- Born: August 24, 1952 (age 74) Oklahoma City, Oklahoma, United States
- Education: Massachusetts Institute of Technology
- Scientific career
- Fields: Robotics
- Workplaces: Carnegie Mellon University
- Thesis: Manipulator Grasping and Pushing Operations (1982)
- Doctoral advisor: Tomás Lozano-Pérez Berthold K.P. Horn

= Matthew T. Mason =

American roboticist

Matthew Thomas Mason (born August 24, 1952 in Oklahoma City, Oklahoma) is an American roboticist and the former Director of the Robotics Institute at Carnegie Mellon University. Mason is a researcher in the area of robotic manipulation, and is the author of a highly cited textbook in the field.

In 2004, Mason received widespread media attention for developing the first origami folding robot, demonstrating advances in difficult manipulation tasks.

== Biography ==
Mason received his B.S., M.S., and Ph.D. degrees from the Massachusetts Institute of Technology in 1976, 1978, and 1982, respectively. His M.S. Thesis Compliance and Force Control for Computer Control led Manipulators was advised by Berthold K.P. Horn, and his Ph.D. thesis Manipulator Grasping and Pushing Operations was advised by Tomas Lozano-Perez and Berthold K.P. Horn.

He worked at the IBM Thomas J. Watson Research Center as a research visitor in 1978, and has been teaching at the School of Computer Science and the Robotics Institute at Carnegie Mellon University since 1982. At CMU, Mason served as the chair of the robotics doctoral program from 1995–2004, and is currently the director of the Robotics Institute.

Mason served as the North American Editor of the Butterworths Series in Computer Automation from 1988 to 1994, the technical editor of the IEEE Journal on Robotics and Automation from 1989 to 1992, and on the board of editors for the MIT Robotics Review from 1988 to 1992. He is currently a member of the editorial and advisory board for the International Journal of Robotics Research.

Mason was National Science Foundation Fellow from 1976 to 1980. In 1983 he received the System Development Foundation Prize. In 1992 he became Fellow of the American Association for Artificial Intelligence, and in 2000 he became Fellow of the Institute of Electrical and Electronics Engineers.
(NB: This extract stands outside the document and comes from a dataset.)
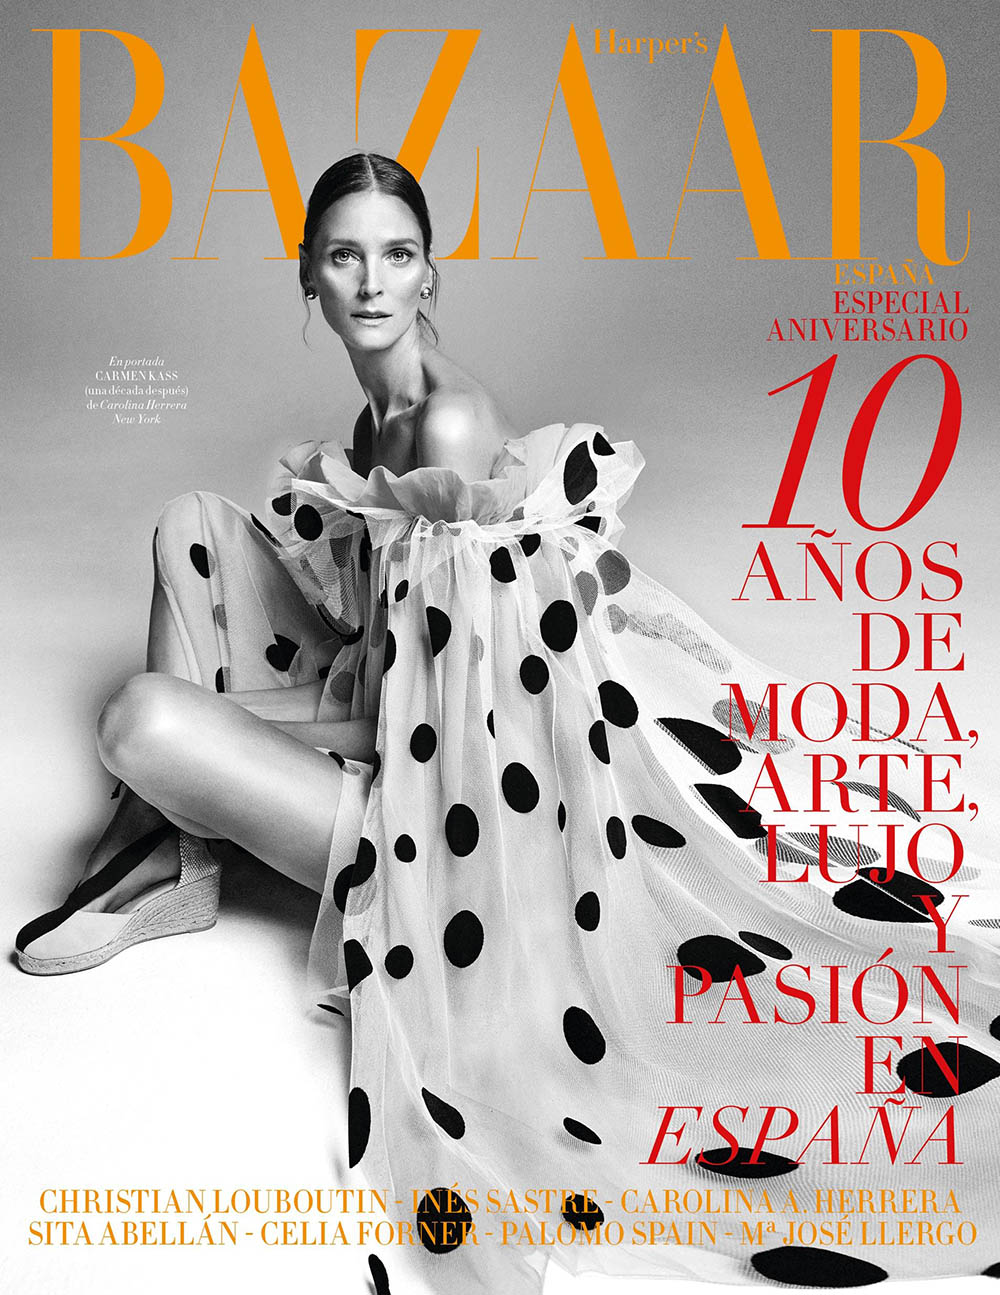 Carmen Kass covers Harper's Bazaar Spain March 2020 by Xavi Gordo -  fashionotography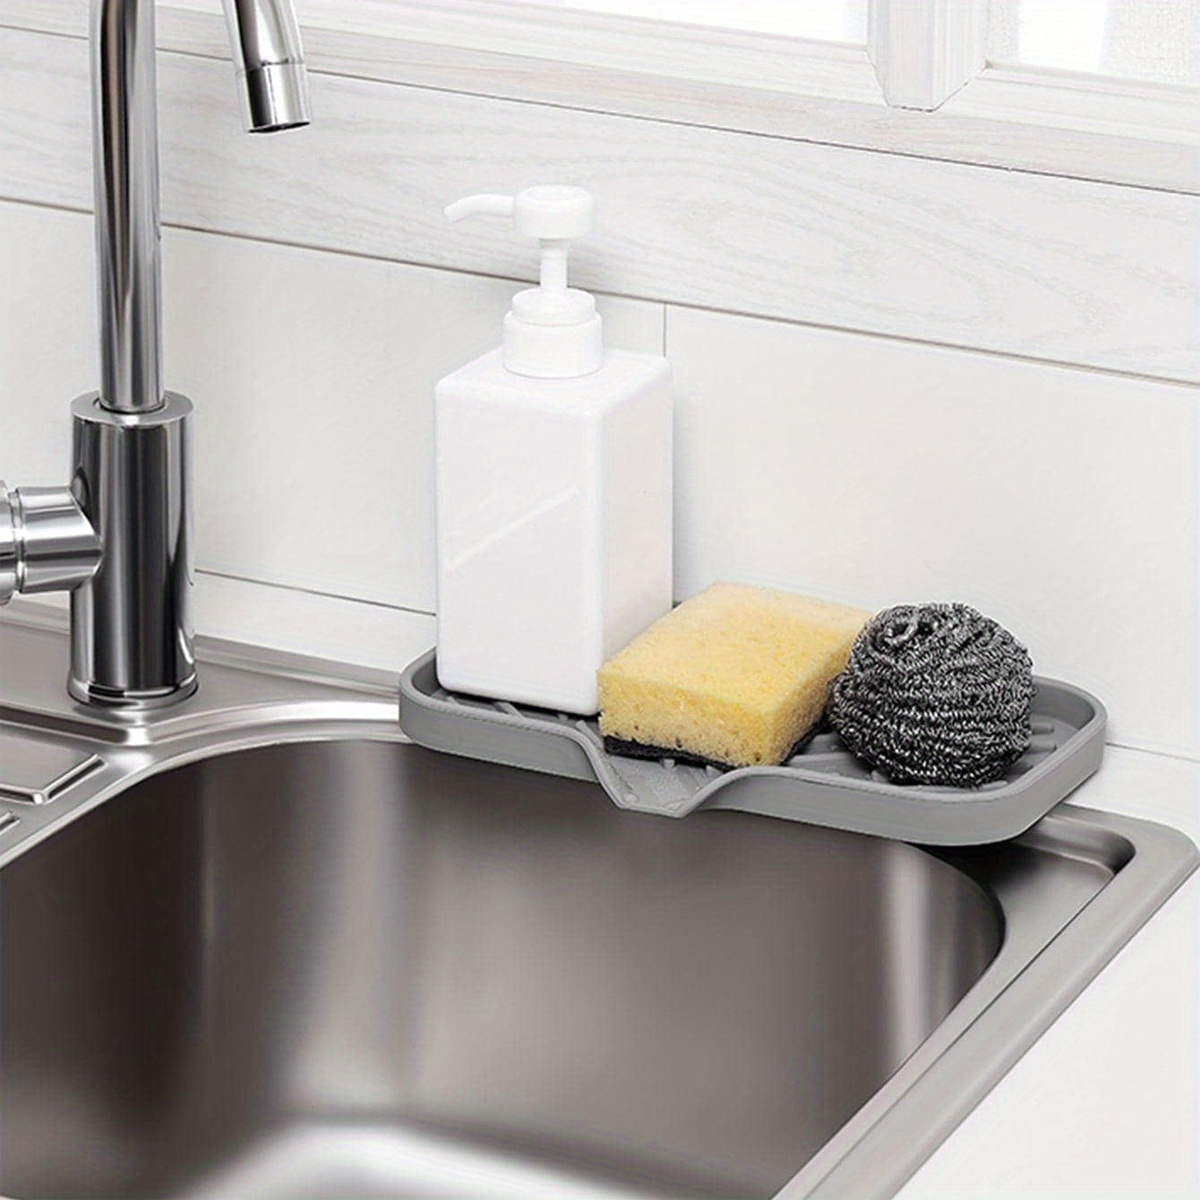 Silicone Sponge Holder Kitchen Sink Organizer Tray Dish Caddy Soap  Dispenser, Scrubber Spoon Holder, Dishwashing AccessoriesGray,1 Pack

Mason was the Chief Scientist at Berkshire Grey.

==Work==
Mason's work is organized around five topics:

- Mechanics of manipulation: modeling the physics of manipulation and how these models translates into implementation in robots.
- Robotic origami: the problem of origami as a challenging manipulation task for robots.
- Manipulation without hands: manipulation with a set of resources instead of just a manipulation subsystem (an arm).
- Locomotion without legs: exploiting all available resources for locomotion, similar to manipulation without hands
- Shortest paths for mobile robots: finding time optimal paths for robot motion.

==Publications==
Mason has published several books and articles, a selection:
- Matthew T. Mason, Mechanics of Robotic Manipulation, MIT Press: Cambridge, MA. 2001.
- Pankaj Agarwal, Lydia Kavraki, and Matthew T. Mason, editors. Robotics: the Algorithmic Perspective: 1998 Workshop on the Algorithmic Foundations of Robotics, A K Peters: Boston. 1998.
- Matthew T. Mason and J. Kenneth Salisbury, Robot Hands and the Mechanics of Manipulation, MIT Press: Cambridge, MA. 1985.
- J. Michael Brady, John M. Hollerbach, Timothy Johnson, Tomas Lozano-Perez, and Matthew T. Mason, Robot Motion: Planning and Control, MIT Press: Cambridge, MA. 1982.